I recently read a book I really liked. BONE DEEP IN LANDSCAPE, writing, reading, and place, by Mary Clearman Blew. In this book, she says, "...for many of us, the western landscape is permeated with private associations contained in memory and family narratives. Language is how we move from private silence to shared story."
I see painting as a visual language, and for the artist it is a way we move from "private silence to shared story." Our story might be realist or an abstract narrative. But we have something to say, we are trying to express what is on the inside, and find that meeting place on the outside.
The photographs I took yesterday turned out good, and I was able to get the inventory up to date, this includes the Poems of the Desert. I am not saying "all" of the inventory is up to date. I find this an ongoing process.
I have been looking at a poem by Marge Piercy, FOR THE YOUNG WHO WANT TO. And I think she is writing this poem to the "young," but I thought the poem might be directed to anyone, who might want to________________, become an artist, a actor, dancer, etc.etc.
The first word she uses in the poem is "talent." Again I found this interesting., because isn't "talent" the great excuse?
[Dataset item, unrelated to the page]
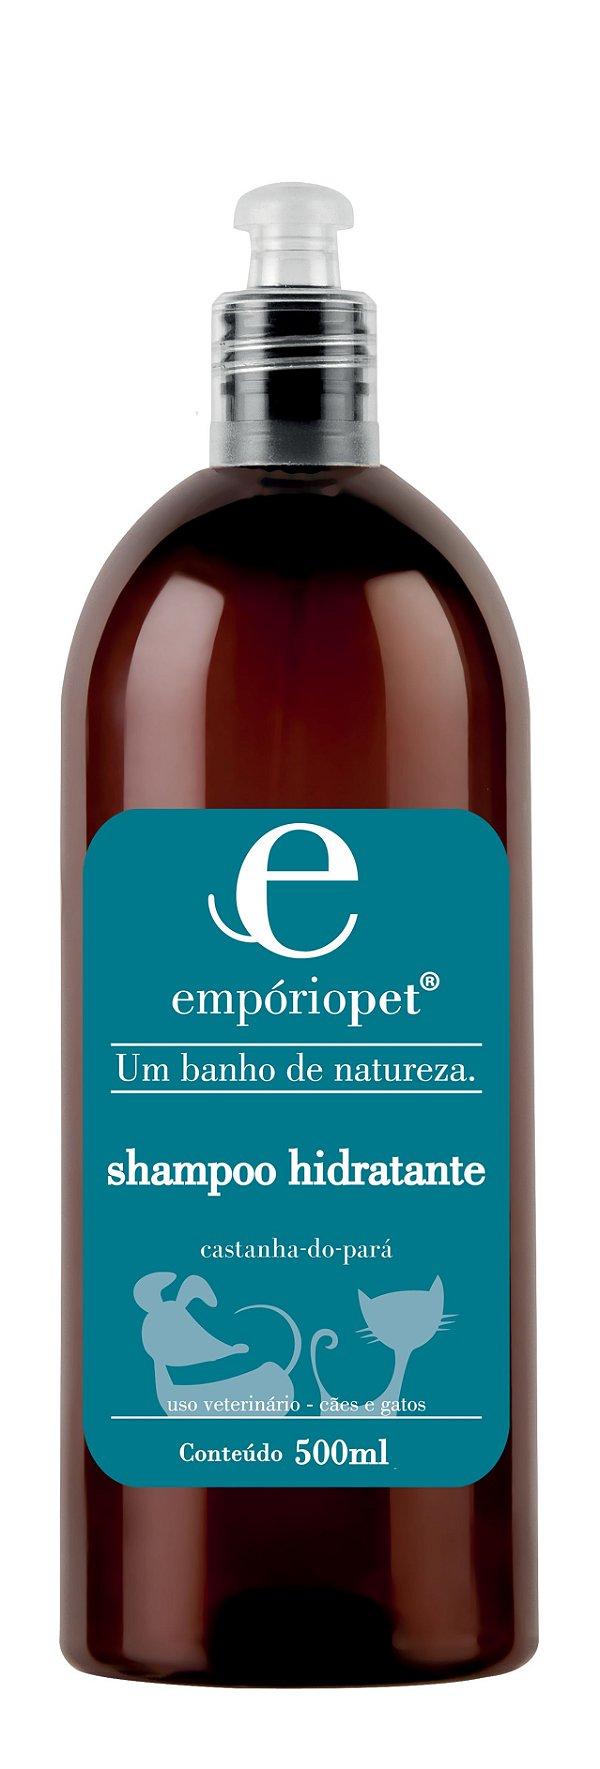 Shampoo Hidratante Empóriopet
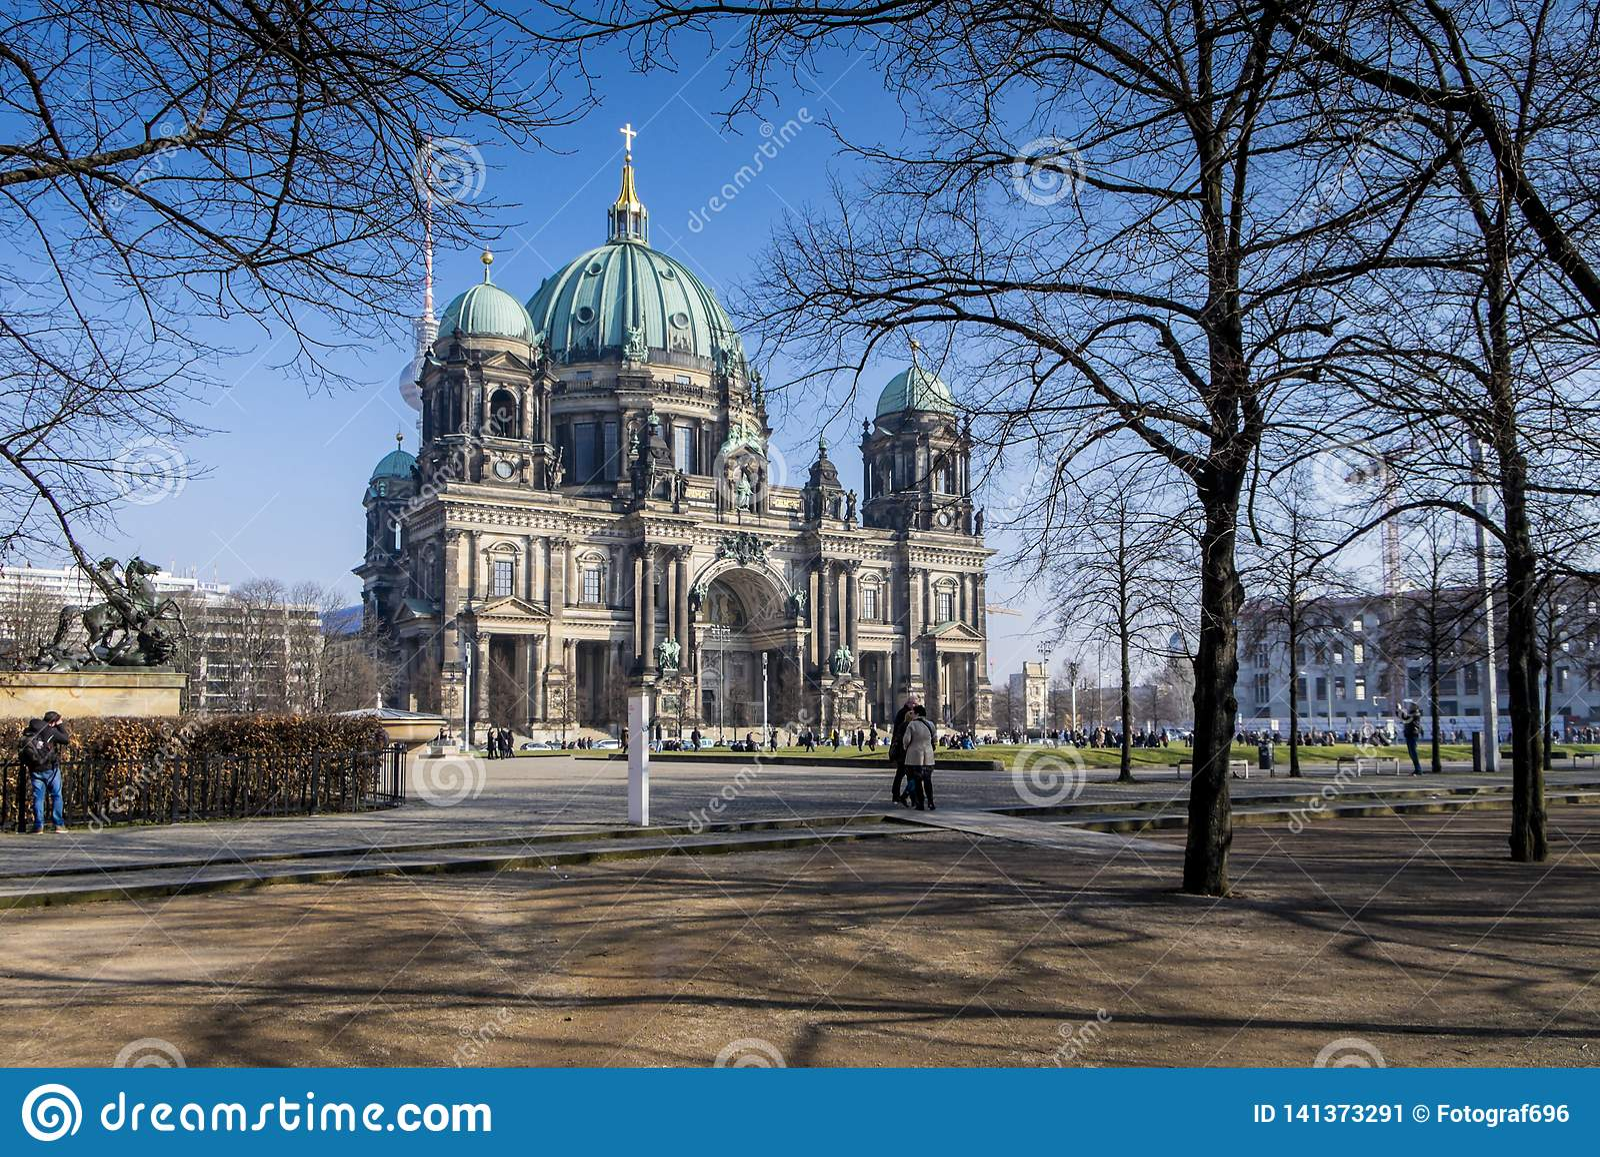 Berlin Cathedral in de winter

I don't have to "try" because I don't have talent. You have gotten where you are, because, you have "talent."
Then she talks about how it is only "after", we are published (we create the work, and have a successful show), and are favorably reviewed, that we know we are an artist, a writer, etc.etc. Before that "what you have is a tedious delusion, a hobby like knitting."
She talks about what you do, is not recognized as "work." Until after the successful show, successful book, etc.etc. Is not treated by the outside world as something that is sacred and necessary, but "friends keep asking when you are planning to go out and get a job."
She talks about, how your genius is not recognized until after after it is recognized by the "authorities," until then, "they accuse you of withdrawing, ask why you don't have a baby, call you a bum."
She talks about the artist's desire for an MFA, or wants to "take workshops with fancy names when all you can really learn is a few techniques, typing instructions and somebody else's mannerisms." She says it is because, "every artist lacks a license to hang on the wall." How else can we "prove" who we are?
But then she says, "The real writer (artist) is the one who really writes (paints). And her final words are, "Work is its own cure. You have to like it better than being loved."
This poem reminds us, "Kiss an Artist Today." It's not easy to continue when after all we are the only ones who know what we are doing..........but the funny thing is that it is better than love, or maybe it is "love."